Warning: Hg lamps are very fragile, and become very hot when lit and therefore fear the direct rain, if not protected even a light rain can destroy them: an umbrella in the car is always a good idea. If they turn off due to an interruption or decrease in voltage, they need to cool down before they can turn on again.

My petrol generator (Honda EU10i) weighs 15 kg, including two litres of fuel, it can provide 900 W continuous power and can keep the two lamps lit for as long as necessary, which can usually be up to 6 – 7 hours during the summer, and it is also very quiet, but it is still a good idea to put it away from the cloth, possibly behind a car, so you don’t hear its noise or smell its exhaust fumes: so you need an electrical extension cord with a reel, and I recommend at least 50 metres of cord.

Now it’s time to describe the cloth and the frame that holds it up.
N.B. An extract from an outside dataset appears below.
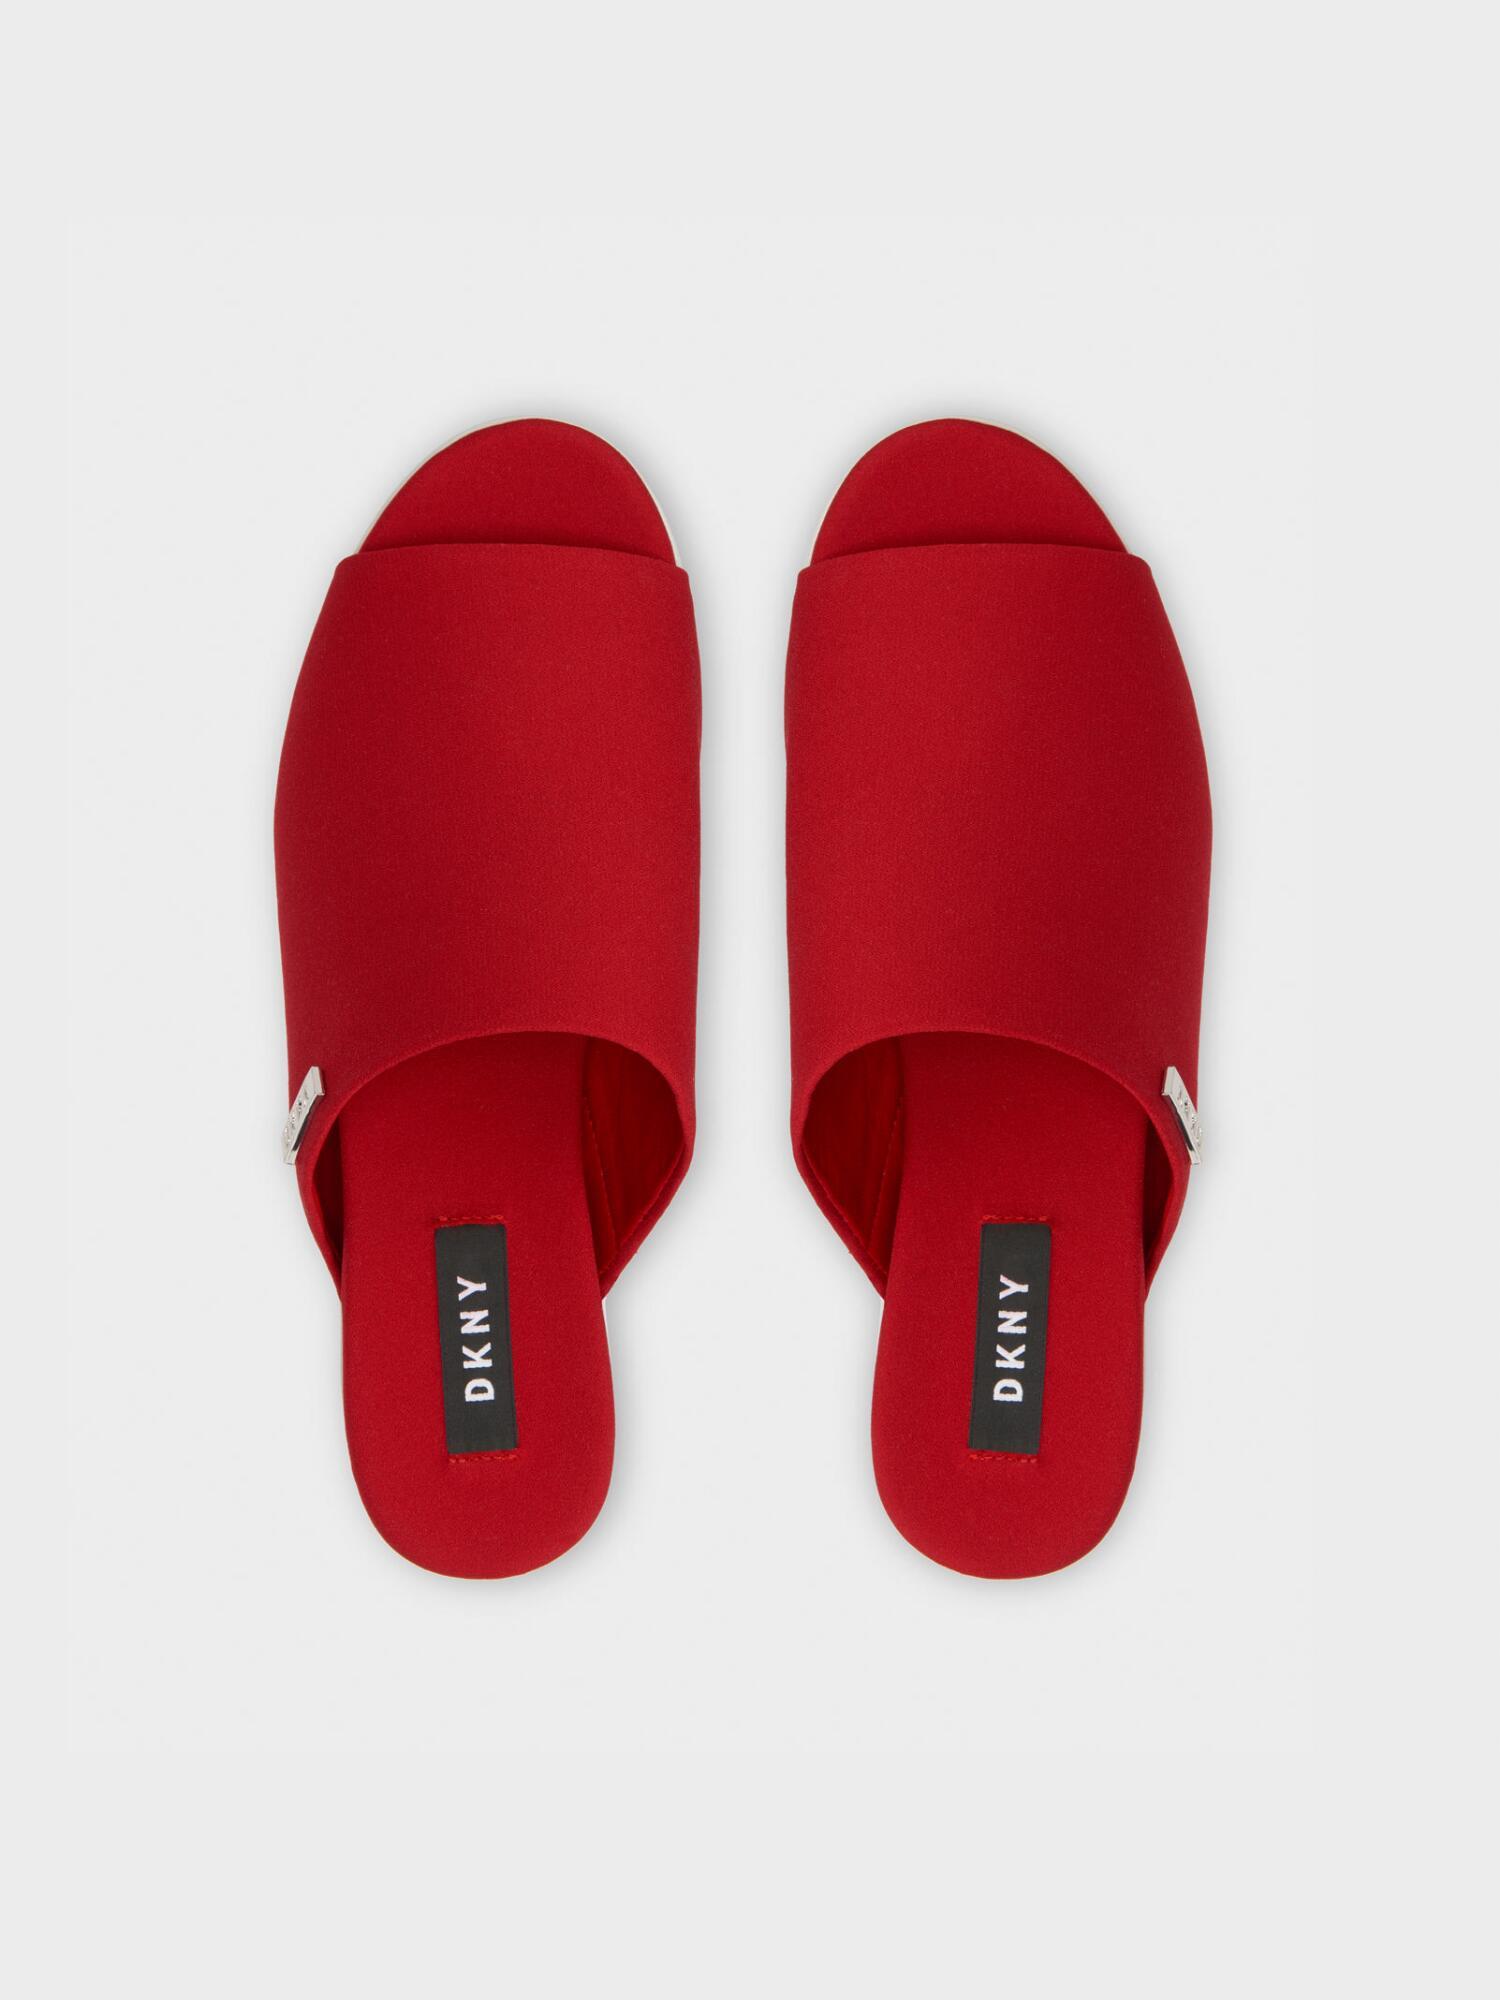 Dkny Carli Platform Sandals Best Sale, 50% OFF | www.bridgepartnersllc.com

I bought both on, the same products exist also on, and something like that, I had seen also on skroutz; these are the links to these two objects on Neewer foldable white background panel and Neewer Photo Studio Backdrop Support System.
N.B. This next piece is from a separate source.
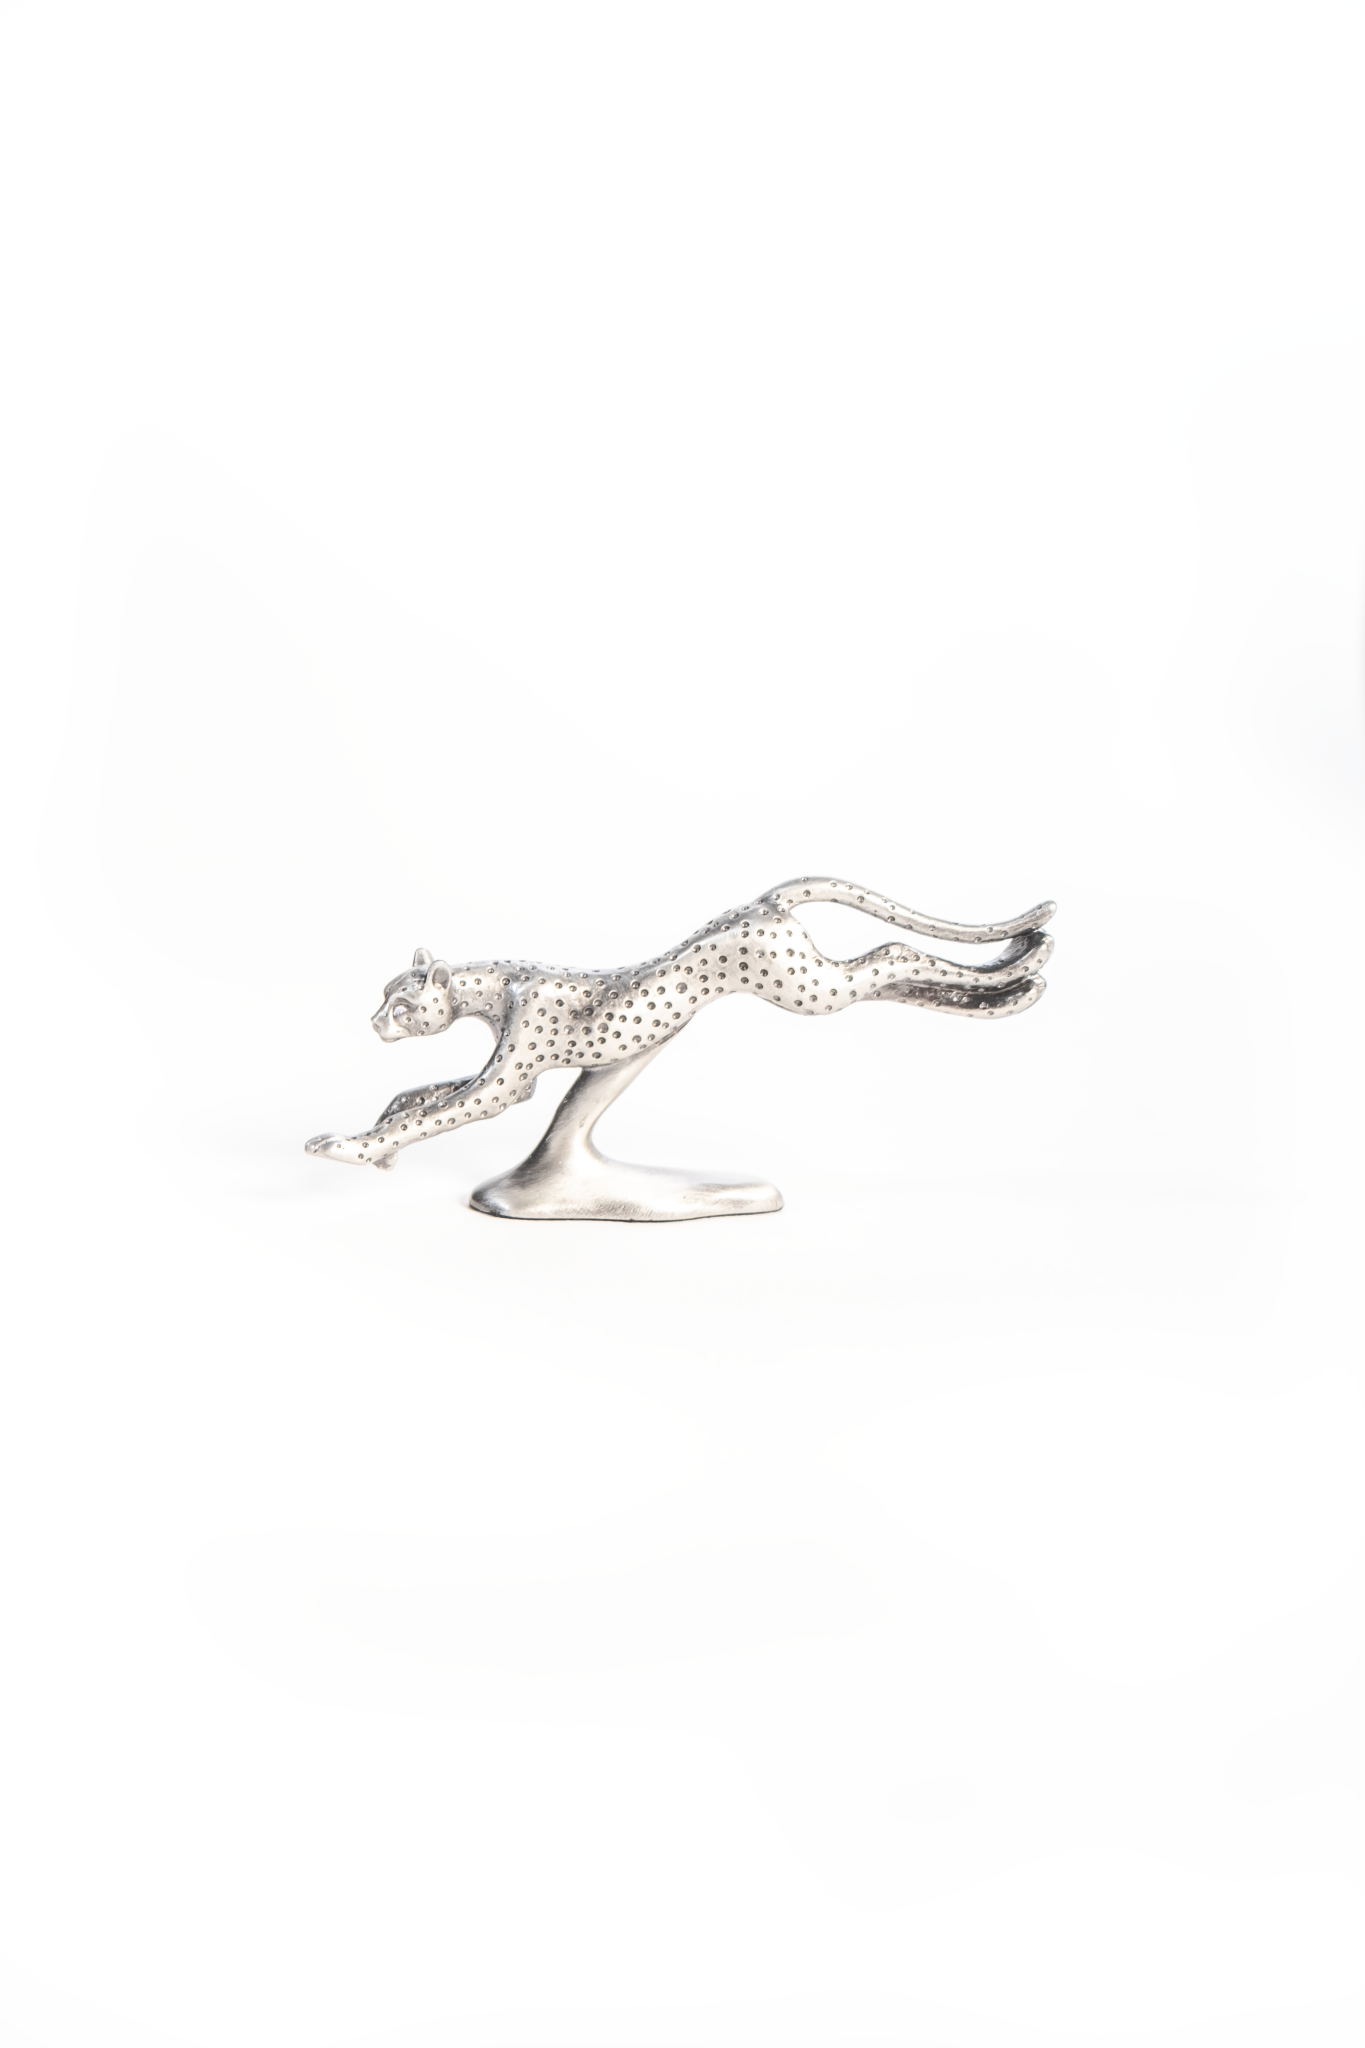 Cheetah Pewter Figurine

The foldable white background panel measures 200 x 150 cm, more or less; folded, it shrinks to a circle of 65 cm in diameter, to enter the carrying case.

Studio Backdrop Support System comes with 2 foldable stands (tripods), 4 horizontal crossbars (tubes: with a 2m panel you need just 3 out of 4).

To be able to support the lamps it is necessary to do the following: in the central horizontal tube of the three it is necessary to make two holes to be able to fix the two pieces of plastic gray electric pipe you can see in the picture (diameter 2cm, length 60cm each). In addition, at the two ends of the gray pipes, where the lamps will be suspended, it is necessary to make two small notches, so that the cord of each lamp, knotted on its pipe, does not slip.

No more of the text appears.